Elon Musk and Sam Altman share a stage in October 2015, before things got cold. Michael Kovac/Getty Images for Vanity Fair
Elon Musk recently started an AI startup to compete against OpenAI, but not long ago he co-founded the now-famous company that makes the AI chatbots ChatGPT and GPT-4 and helped it in significant ways.
Sam Altman, CEO of OpenAI, described Musk’s initial role In good company This week’s podcast.
“Elon was definitely a talent magnet and a magnet for attention, and also some real superpowers that, aside from all that, were very helpful to us in those early days,” Altman told host Nikolai Tangen.
He didn’t give examples of those “superpowers,” but venture capitalist Marc Andreessen recently outlined the psychological traits that make Musk the “prime example” of an entrepreneur who “can’t turn it off.”
This year, Musk expressed displeasure with the direction OpenAI was taking, and in July launched xAI, which he said was “definitely in competition” with Altman’s company. xAI’s lofty goal, in typical Musk style, is to “understand the true nature of the universe.” It has brought in top AI talent from Google, DeepMind, Microsoft and its own Tesla.
Musk left OpenAI’s board of directors in 2018. He was offered to lead the organization, but left after being turned down, according to Semaphore.
One of his beefs today is that he cofounded OpenAI as a nonprofit in 2015, but then switched to a “capped profit” model in 2019—the same year it received a $1 billion investment from Microsoft, which is to follow.
Musk’s displeasure with OpenAI became increasingly apparent earlier this year as the company’s valuation soared after the launch of ChatGPT, an AI chatbot that became one of the fastest-adopting products of all time.

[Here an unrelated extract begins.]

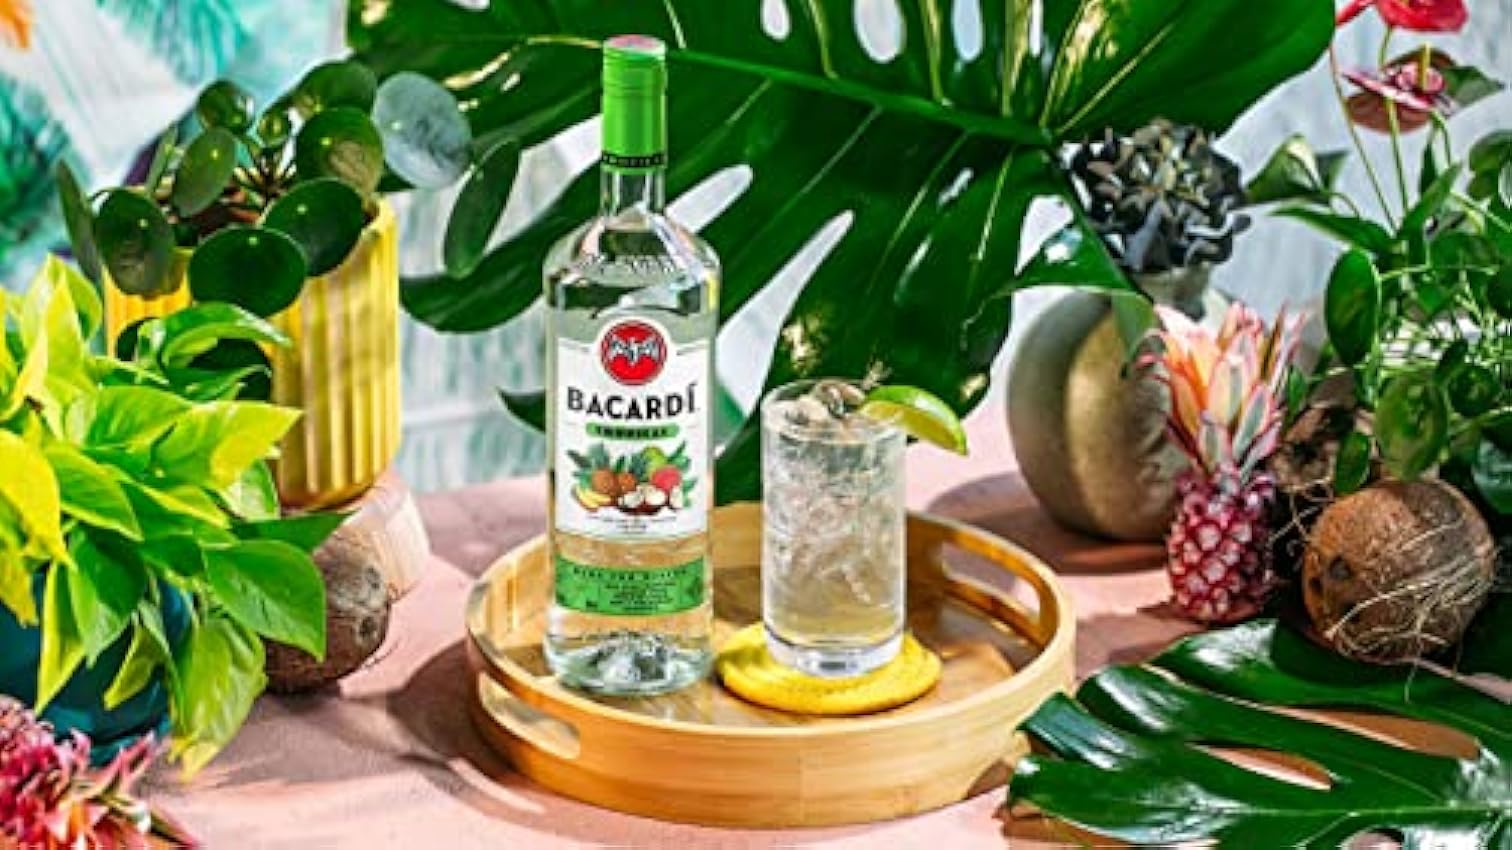 Bacardi Tropical Flavoured Rum 0,7L (32% Vol.) - Limited Edition lHXG0M4o

he Tweeted In February: “OpenAI was created as an open source (that’s why I call it “Open” AI), non-profit company to act as a counterweight to Google, but now it’s become a closed source, effectively profit-maximizing. Controlled by the company Microsoft.
While acknowledging that OpenAI has taken an unconventional path in many ways, Altman, like Microsoft CEO Satya Nadella, opposes this characterization of the partnership with Microsoft. But Musk, in a May interview with CNBC, said, “I worry that Microsoft may have more control over OpenAI than the leadership team realizes.”
He complained in March that OpenAI’s switch from a non-profit model was made after he donated millions.
“I’m still confused as to how a for-profit non-profit that donated ~$100M became a $30B market cap,” he said. Tweeted. “If it’s legal, why isn’t everyone doing it?” Doubts later arose about the actual amount he gave, but it seems clear that he donated millions of dollars to the then-non-profit organization.
Altman’s comments on Musk are mixed. In May, Altman said during a speech in London that it was “incredibly valuable” to “learn from Elon about what it is possible to do, like, do.”
But he said On with Cara Swisher podcast in March, “I mean, he’s a jerk, whatever you want to say about him — he has a style that’s not a style that I want for myself.”